Калзана, как молодого и рослого, отправили в нижнюю шахту, Дионисий оставался наверху: с утра до вечера выкладывал добытый уголь в специальные отсеки, носил воду, дрова. Колени болели нестерпимо и ему приходилось, прикусив нижнюю губу до крови, терпеть до окончания рабочего дня. И в это время сон был единственным благословением, единственной радостью, кою смел ожидать.
После знакомства с Калзаном святого отца никто не смел трогать, хотя иной раз в толпе, среди узников, можно было услышать презрительное "ксендз", но только за спиной, в лицо ему либо улыбались, либо, отворотив презрительно взгляд, проходили мимо. Дионисий никого не осуждал и не на ком не держал зла, ибо осознавал всю свою отчужденность и непохожесть по сравнению с другими. Он привык к одиночеству со времени ареста, научился принимать и радоваться каждому прожитому мгновению, находить умиротворение и счастье в том, что доступно любому, святой отец молился про себя, молился за всех узников, страшным роком оказавшихся в гулаге, он просил у Господа спасения для них и для тех, кто вольно или невольно был приставлен к ним охранниками. Перед сном он благодарил Бога за еще прожитый день, а по утру - что видит новый рассвет.
Натруженными руками отец Дионисий брал ведра и шел к реке, где резвый привольный ветер свободно гулял над водной гладью, а тающий снег под ботинками смешивался с коричневой промерзлой землей. Каждый день одно и то же - все настолько понятное, привычное, что невольно приковывало внимание, согревало истерзанную душу странным очарованием. Поднимаясь на пригорок, Дионисий шел протоптанной дорогой вдоль забора, обнесенного колючей проволокой, за ним манил, тянул дикой красотой свободный счастливый мир; колючая стена разделила землю на две вселенные и существа, населявшие их, были похожими, но разными. Там, на склоне паслись северные олени: серые, большерогие, они топтали снег копытами, искали-выискивали под его слоем любимый вкусный мох, а за стадом следил пастух-кочевник, завернутый в шкуры, его короткие крепкие ноги были обуты в теплые унты - в таком наряде и мороз не страшен. Дионисию казалось, что минула вечность: такая легкая, безмятежная картина жизни северного кочевника пленила его помыслы, разбудила в тайных мечтах родной любимый дом, скромную комнату, родительское кресло у теплого очага - только все то было давным-давно, в ушедшем безвозвратно детстве. На глаза навернулись слезы и страх смерти сдавил горло тугим комком.
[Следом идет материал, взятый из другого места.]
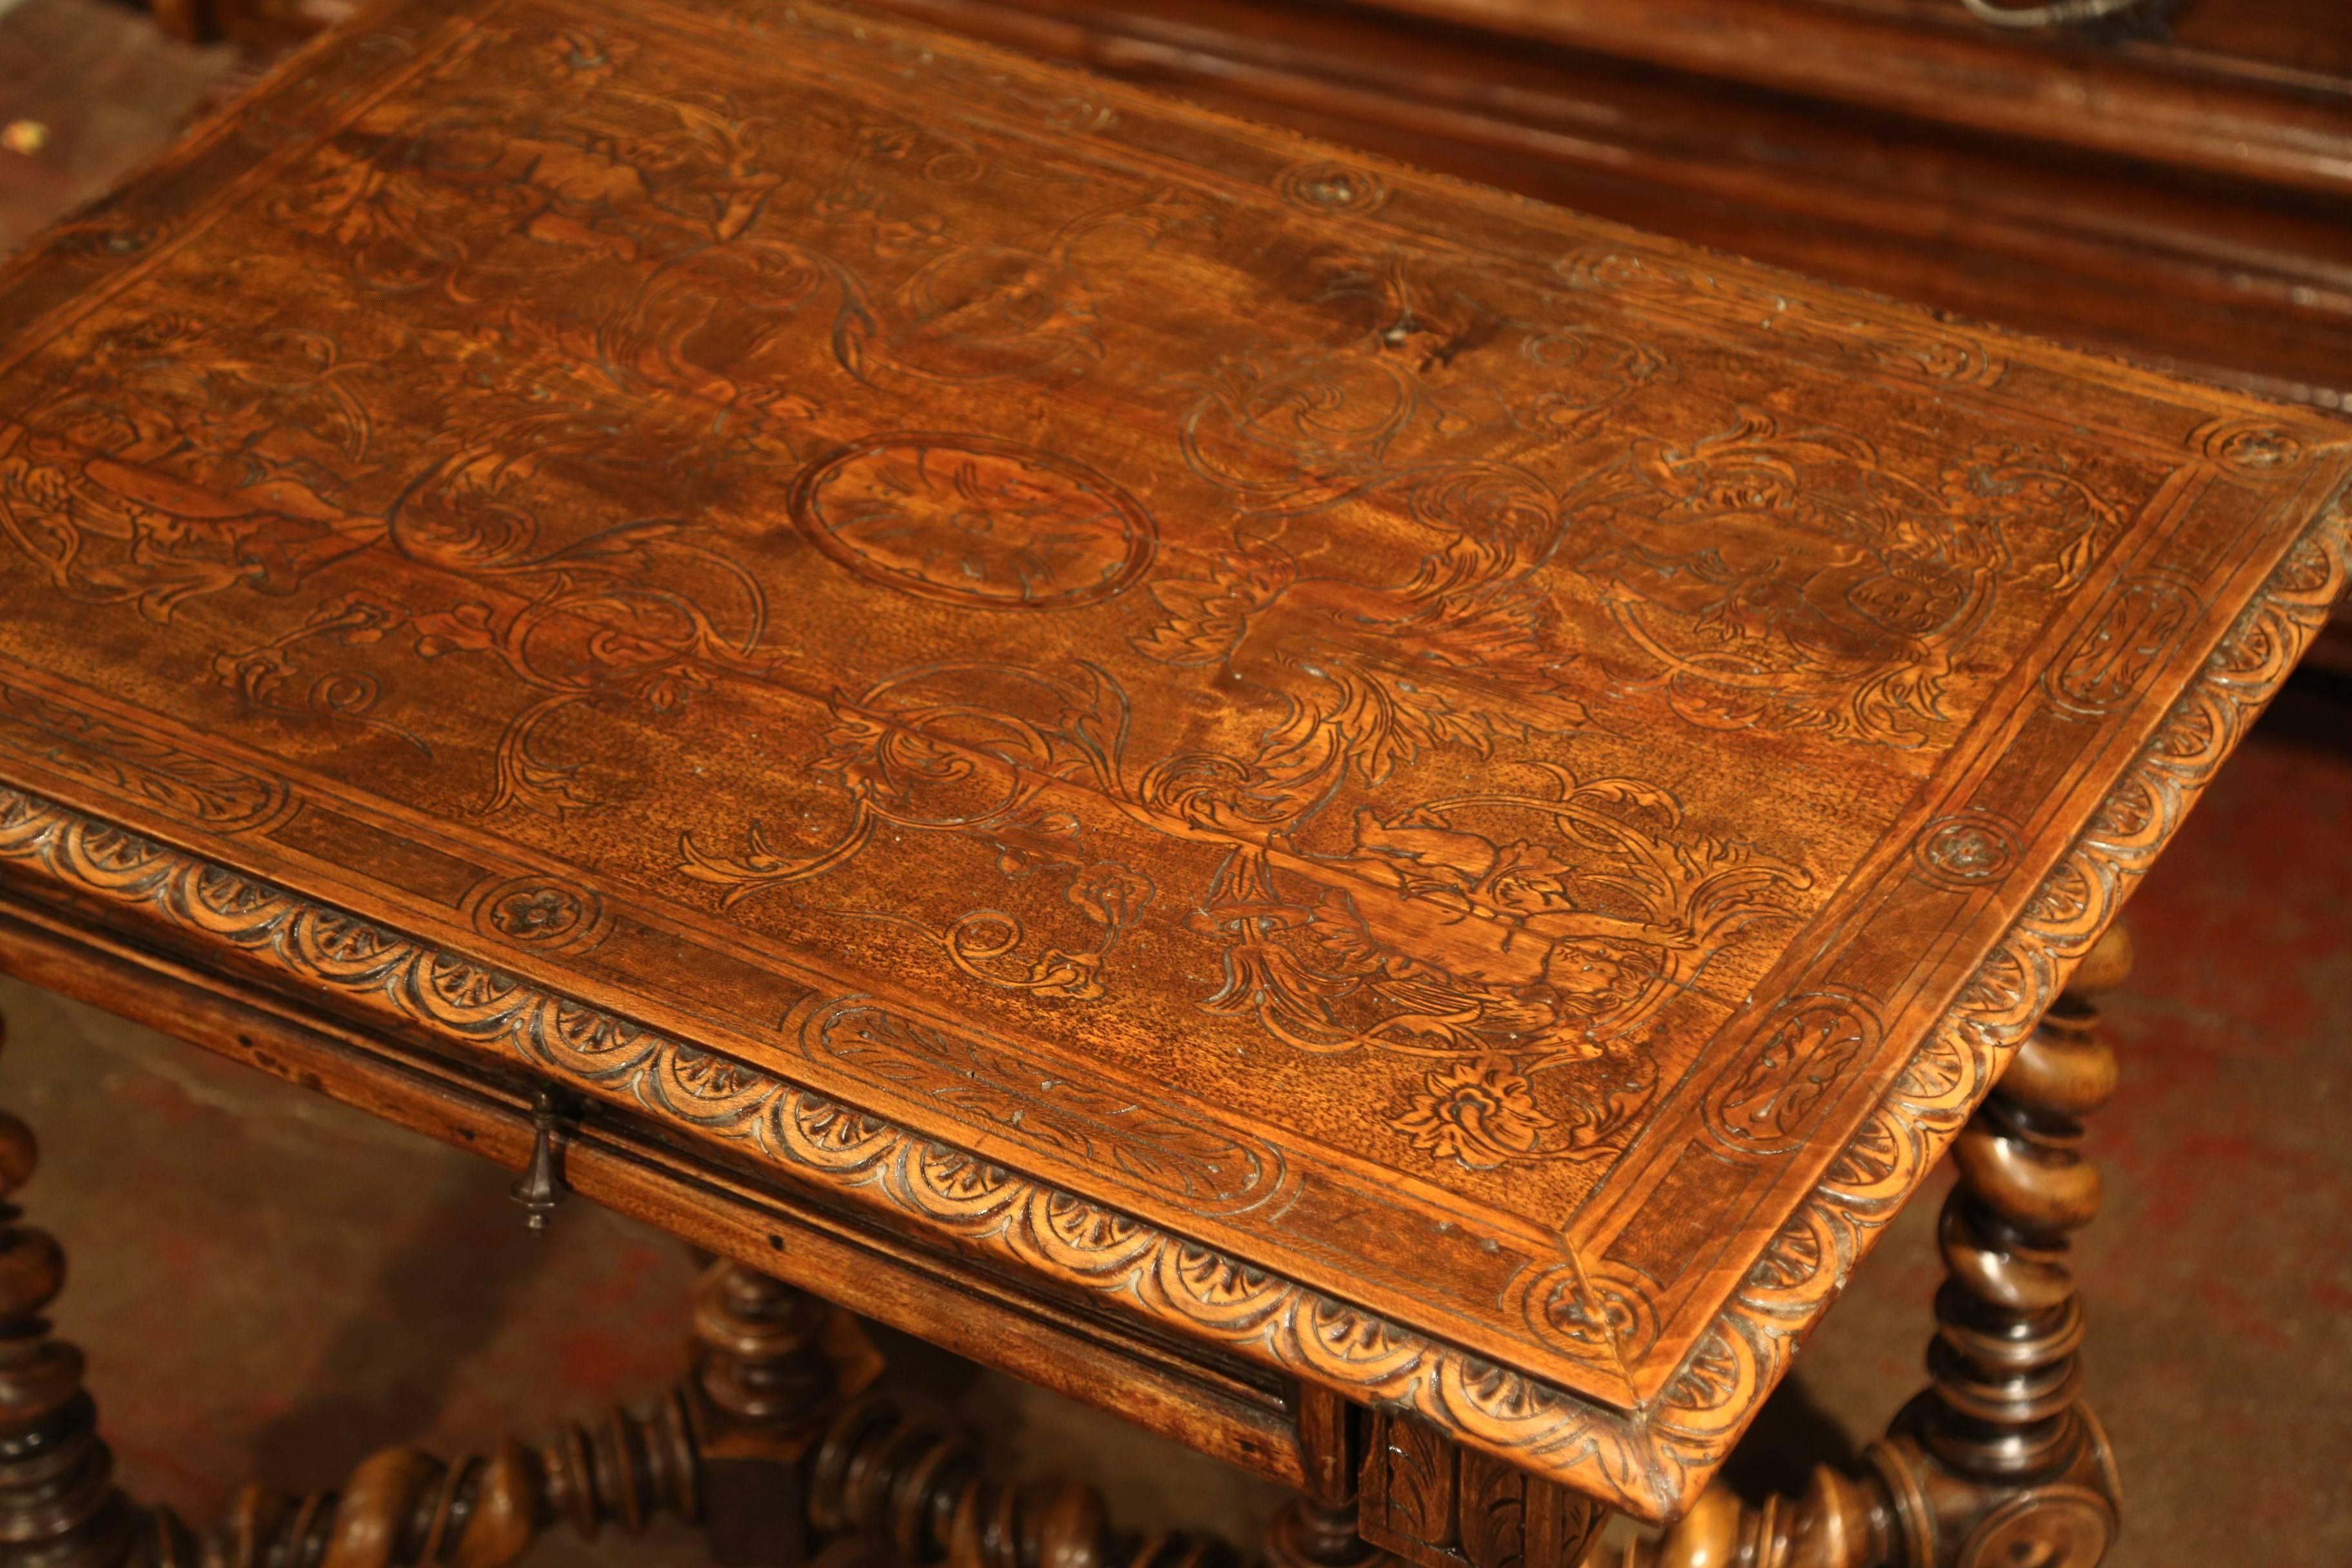 Patinated 19th Century French Louis XIII Carved Walnut Table Desk with Barley Twist Legs

На шахте Дионисий вылил ведра воды в специальный бак, устало потерев руки друг о друга. Капли, что еще на берегу попали нечаянно на ботинки, превратились в ледышки, а теперь снова растаяли в тесной жаре. Старая обувь, в дырках, намокла как снаружи, так и изнутри, Дионисия тут же пробрал неприятный озноб, но не подавая виду нахлынувшего недуга, он склонился над горой угля и принялся старательно, насколько хватало сил, отделять уголь от "мусора" голыми руками.
После всех работ, в ветреный промозглый вечер узников вереницей отправили мыться в баню, как то заведено в гулагах для предотвращения тифа и иной чумы, что могла унести жизни не только пленных, но и надсмотрщиков. Баня, представляющая собой низенький деревянный домик с покосившейся крышей, располагался в самом дальнем углу лагерной территории - за бараками, мастерскими и сараями. Узники вставали в очередь и по несколько человек небольшими группами заходили, там им выдавали по маленькому кусочку мыла и шайку воды, кою следовало разделить на всех. Воды едва хватало - только смыть мыльную пену, но особенно тяжело было не от этого, ибо иной раз к воде добавляли таящий снег, а от холода сквозняков, дующих сквозь щели и старые рамы. На омывание выделялось всего лишь десять минут, охранники громкими как раскат грома окриком подгоняли отстающих изможденных пленников. Дионисию в этот раз повезло - вместе с Калзаном они прошли в первой группе, а там и воды побольше, и мыло новое. С неистовой силой тер-растирал святой отец грязное тело, усыпанное прыщами и укусами клопов, с замирающим удовольствием наблюдал, как грязь и пот вместе с мыльной водой стекают на пол, как кожа с открытыми порами начинает дышать, окутанное густым белым паром, а после - чистых, обмытых, узников заводят в соседнюю комнату-клетушку, где специально обученные цирюльники сбривали с них волосы - на голове, в подмышках, на лобке - вынужденная мера от вшей. И после всех процедур, не столь частых, не столь удобных, но уж что есть, то есть, пленные разбирали каждый свою грязную рабочую одежду, надевали ее на тело и выходили из бани, бредя к баракам, а ледяной неприятный ветер дул в лицо, бросал остатки снега в глаза, что маленькими белыми точками оседал на черных ресницах.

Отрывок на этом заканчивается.